DOD presses for new personnel system

DOD's legislative proposal

Defense Department officials are pushing ahead with their proposal to overhaul the department's civilian personnel system — a proposal that has garnered praise and concern.

As part of a legislative package sent to Capitol Hill April 11, DOD proposed to transform how its civilian employees are hired, paid and managed. The existing system was "organized for a world that no longer exists," said David Chu, undersecretary of defense for personnel and readiness.

DOD plans to use the Homeland Security Department (DHS) as a template in creating a new National Security Personnel System, which will consolidate several pay and personnel systems, he said. DHS was granted broad personnel flexibilities but has only just begun to develop its departmentwide human resources system.

DOD, however, is off to a good start, Chu said. It wants to expand some programs it has successfully tested, such as pay banding, which gives managers more flexibility to set salaries, and alternative personnel systems.

DOD officials want to link pay to performance to ensure that top performers receive the bulk of the bonuses and that employees who don't perform do not receive an annual increase. They also want to make recruitment easier by, for example, hiring someone for a new duty without competition if an employee will receive the same salary.

DOD also wants to turn over jobs that are being performed by about 300,000 military personnel to its civilian workforce.

Managers cannot get the flexibility they need from the existing personnel system, Chu said April 22 at an event hosted by the IBM Corp. Endowment for the Business of Government. It's unclear how many of those jobs might be outsourced to a contractor.

Ultimately, DOD's goal is to have a single personnel system.
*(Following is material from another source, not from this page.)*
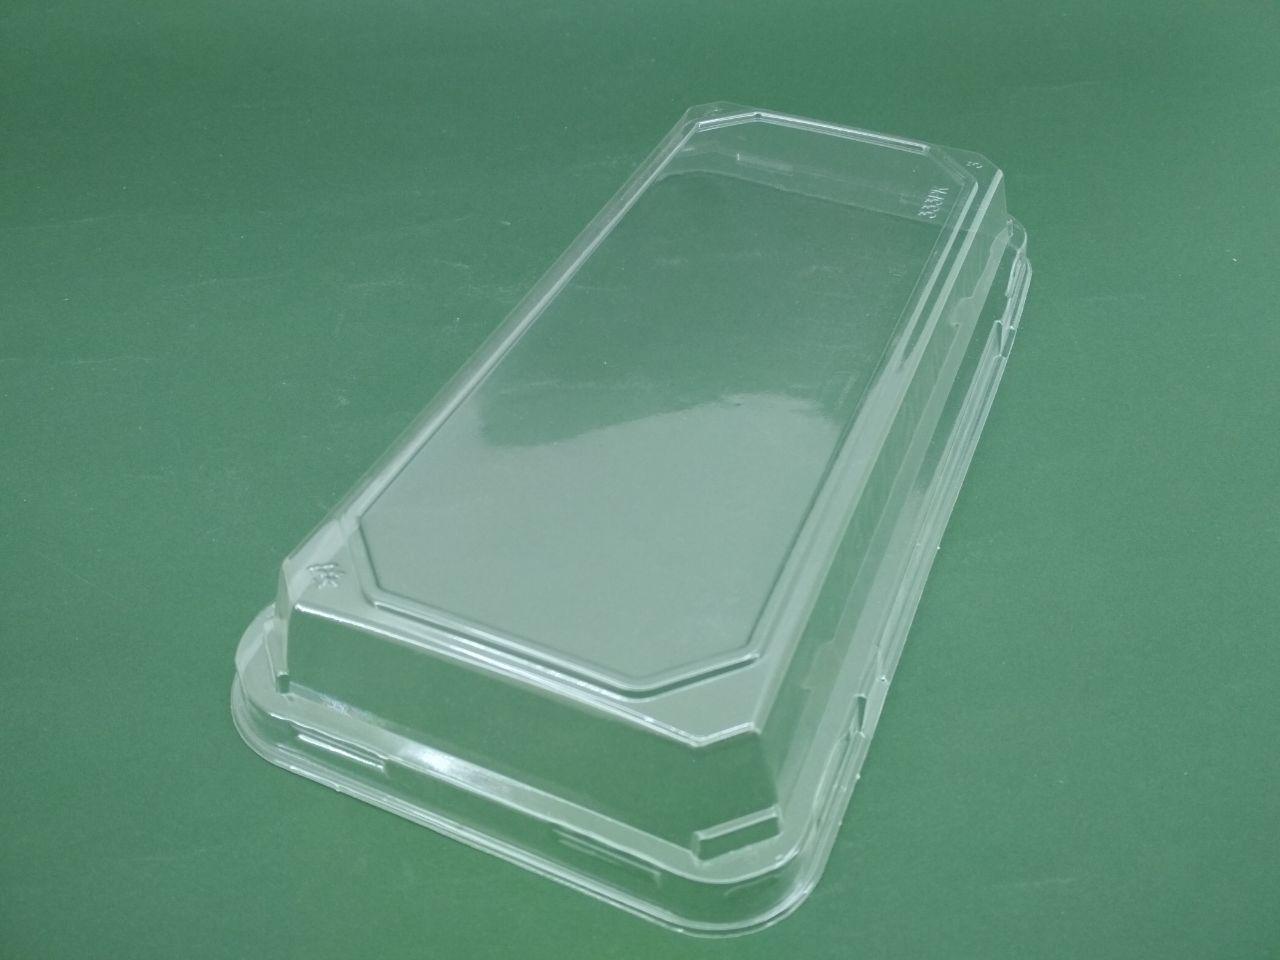 Крышка пластиковая SL333PK под контейнер для суши 333BL, (24,3/11/1,7), 50 шт/пач

Ginger Groeber, deputy undersecretary for civilian personnel policy at DOD, said that eventually the existing Defense Civilian Personnel Data System and the Defense Integrated Military Human Resources System, which is under development, "will meet as a single system."

It's clear that the existing civil service system is inflexible and outdated and needs to be changed, said John Palguta, vice president for policy and research at the Partnership for Public Service.

Would it be wise for DOD to first wait for governmentwide civil service reform to take hold? "I think given the number of exceptions that have already been granted to individual agencies, that's a moot question," Palguta said in an e-mail message. "More than half of all federal employees are currently exempt from some or all of the provisions of Title 5."

Still, a DOD employee thinks the department should work with the flexibilities it has under the Civil Service Reform Act of 1978 and learn how to use them properly. "That is, managers can assign, reassign, withhold step increases, take disciplinary action, rewrite position descriptions," DOD employee Robert Benson said in an e-mail message. "Only trouble is, it is not convenient. They need to document problems, consult with personnel specialists, follow a procedure and generally know about the tools they have."

"Although the plan looks good on paper, it plays poorly in reality," said another DOD employee who is participating in a pay demonstration project. It's too easy for local commands to abuse the system, said the employee who asked not to be named.

Ultimately, it is important to preserve "a common set of merit principles," Palguta said.

"Transformation of an organization like DOD takes an awful lot of pieces working together," said William Phillips, a partner responsible for IBM's Business Consulting Services Defense practice. "Good human capital solutions and good incentives," which the department is trying to address through this legislative package, are an essential piece, he said.


What's in store

Highlights of the Defense Department's "Defense Transformation for the 21st Century Act" include:

* Establish minimum qualification requirements and standards for acquisition, technology and logistics positions, and designate career paths for them.

* Establish universal pay banding for five career groups and abolish the General Schedule.

* Bargain with employee unions at the national level instead of the local level.

* Offer voluntary separation incentive pay and early retirement.

* Hire Americans older than 55, who would maintain their retirement benefits.

* Hire experts for up to five years.

* Offer overseas pay and benefits for certain civilian employees working outside the country.

* Hire someone on the spot for hard-to-fill positions.

* Hire someone without competition if he or she is moving to another job that pays the same.